Winning the real budget fight means cutting health care fat 

House Republicans and President Barack Obama agreed to $4 billion in cuts for fiscal year 2011. The spending reductions were part of a stopgap continuing resolution that will fund the government through March 18. True, $4 billion may seem small when compared with a $1.5 trillion deficit, but don’t forget that these are the first real-time cuts in government spending in modern memory.

The two parties are already negotiating on a follow-up resolution that (we hope) will cut spending further while ensuring government operations through the end of the fiscal year. And the sooner fiscal year 2011 is behind us, the better, for it will have cleared the decks for a more important fight: next year’s budget.

The 2012 budget matters about entitlement spending. Congress has shown a willingness to reduce discretionary spending, but it could eliminate every last dollar spent on defense, education, welfare and the environment, and America would still be headed toward insolvency.

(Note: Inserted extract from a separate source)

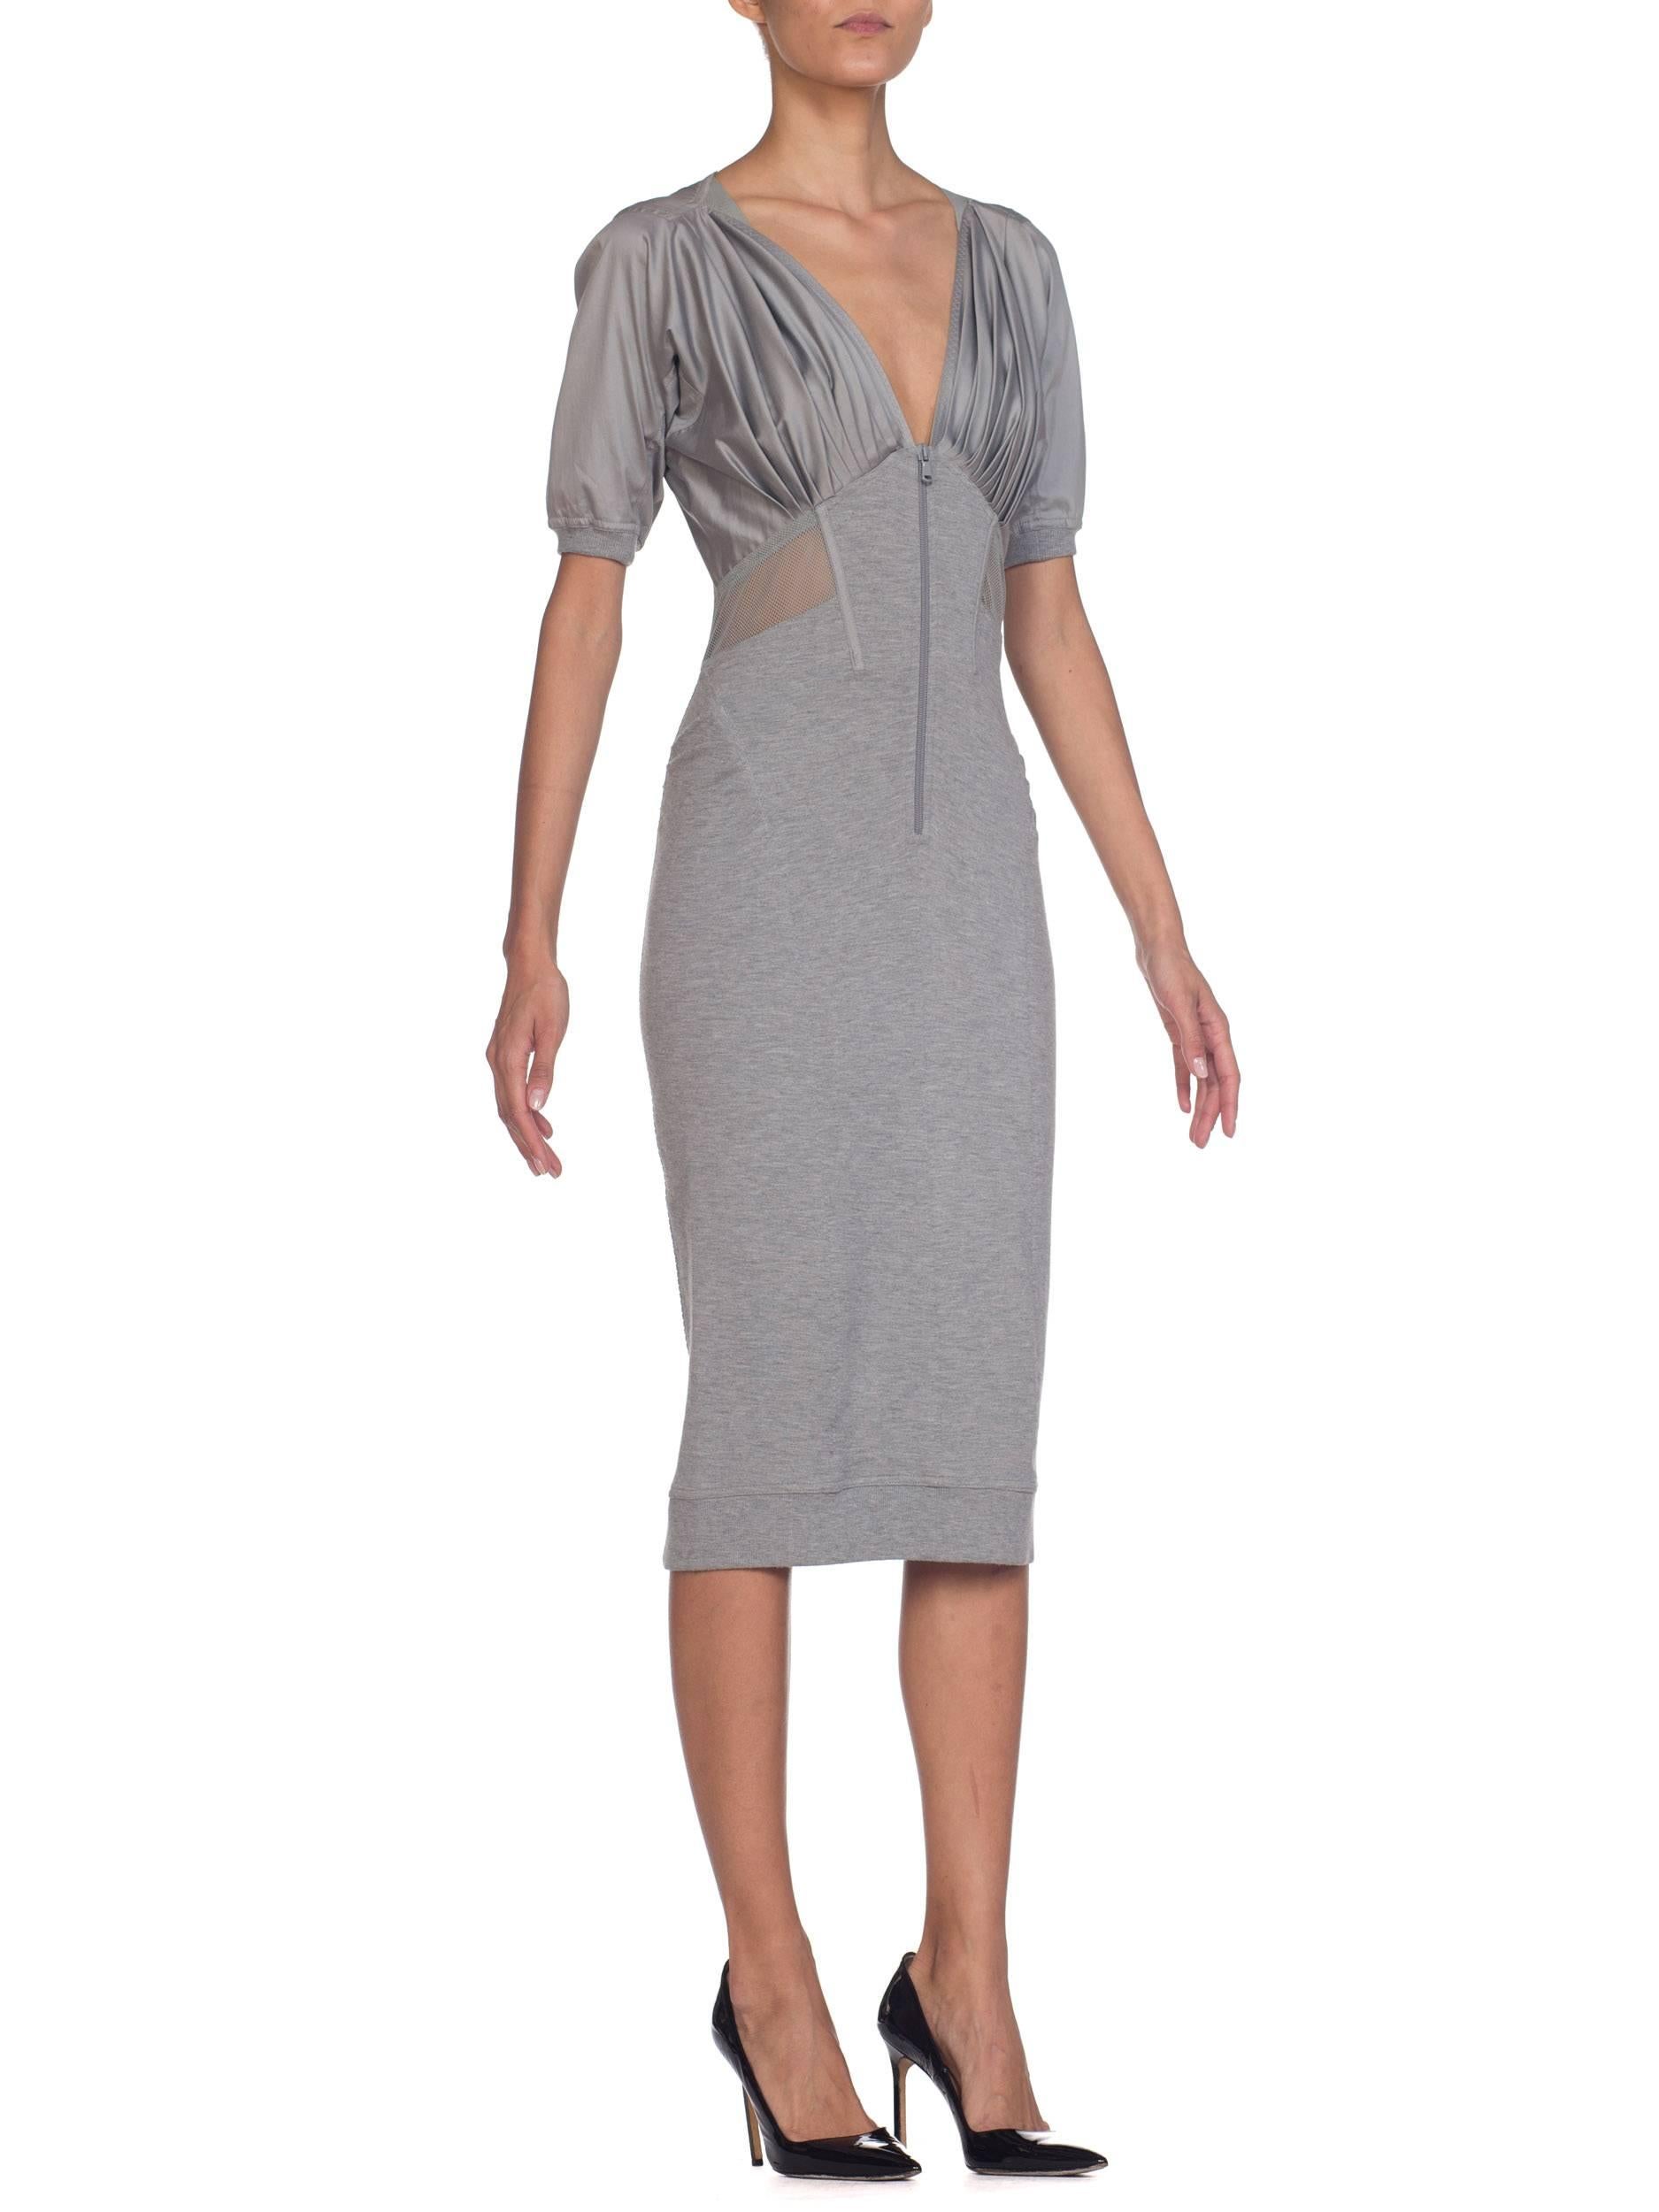 Gray Donna Karan Collection Jersey & Net Boned Zipper Dress
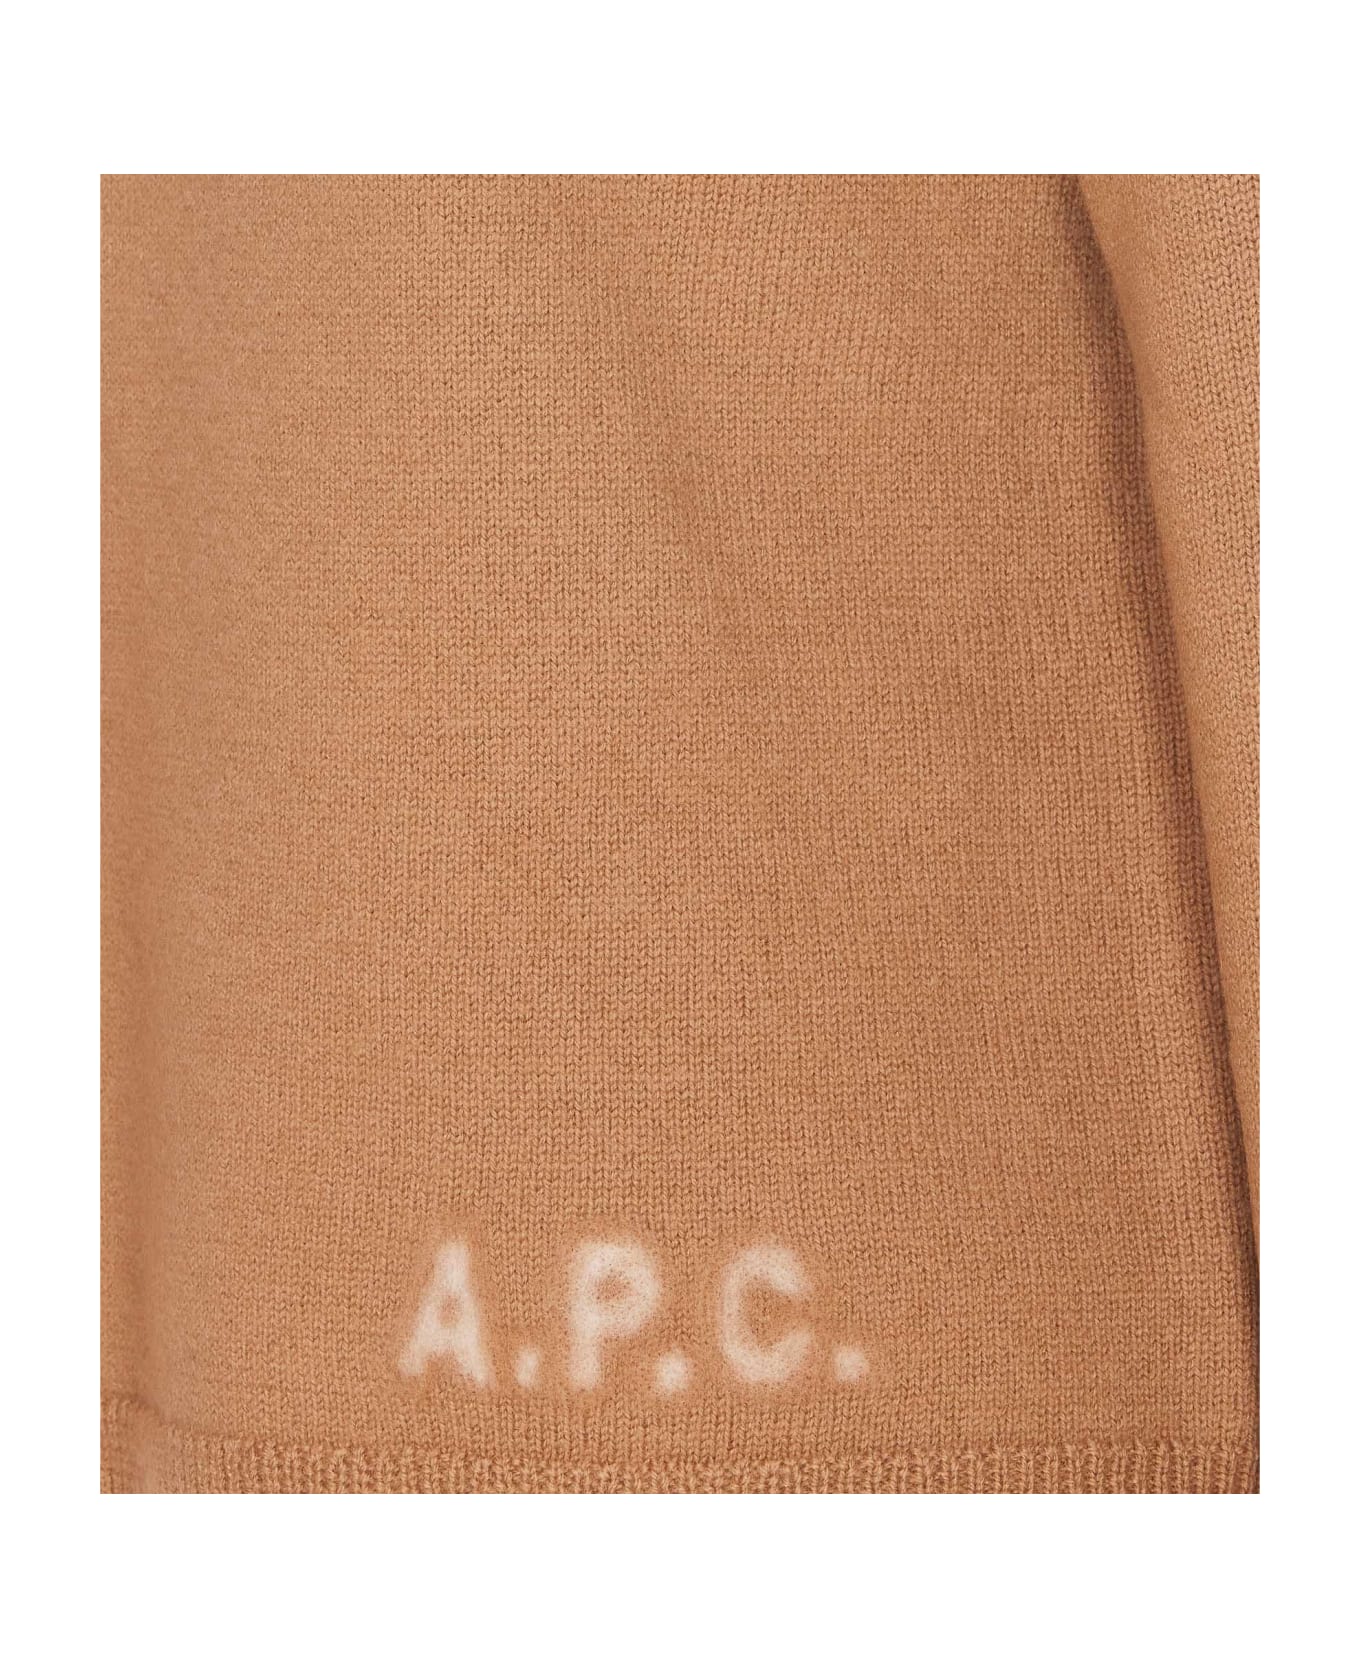 A.P.C. Oda Pullover - Tcb Camel Ecru

A bike path in Dubuque is not going to break the bank. The main drivers of our growing national debt are Medicare, Medicaid, Social Security and interest payments.

With common-sense changes in the architecture of the three entitlement programs now, we can avoid cutting benefits for retired Americans or those near retirement while preserving the safety net for future beneficiaries and eventually getting our debt under control. The alternative, which politicians in both parties have been pursuing for decades, is to do nothing while the problem grows worse. Social Security, Medicare and Medicaid cannot live forever in their current form. Either we make the necessary adjustments ourselves, or the bond markets will force them on us. And that could get ugly.

Having pledged on Feb. 15 to “include real entitlement reforms” in the upcoming budget, House Republicans now have to show the country how to avoid a future when Social Security, Medicare and Medicaid consume the federal government and the American economy. And they have to do that without relying on budget gimmicks and bookkeeping tricks stolen from the Enron Guide to Double-Entry Accounting. Otherwise they’ll be laughed out of the room.

The good news is that there’s a consensus about which reforms are necessary.

Begin by focusing on the expensive health care programs: Block-grant Medicaid to the states while suspending the Maintenance of Effort regulations that tell governors how to spend the money they receive from Washington. Allow the governors to use the block-grant money to set up private exchanges where Medicaid recipients use benefits to shop for private insurance plans. Cut the red tape in Medicare that prevents doctors and hospitals from finding new ways to treat patients at a lower price. For Americans 55 or younger, gradually move to a system where patients use a fixed Medicare payment to choose the approved plan that’s best for them. This is the bipartisan approach proposed by House Budget Committee Chairman Paul Ryan and economist Alice Rivlin, a Democrat.

This article appeared in The Weekly Standard.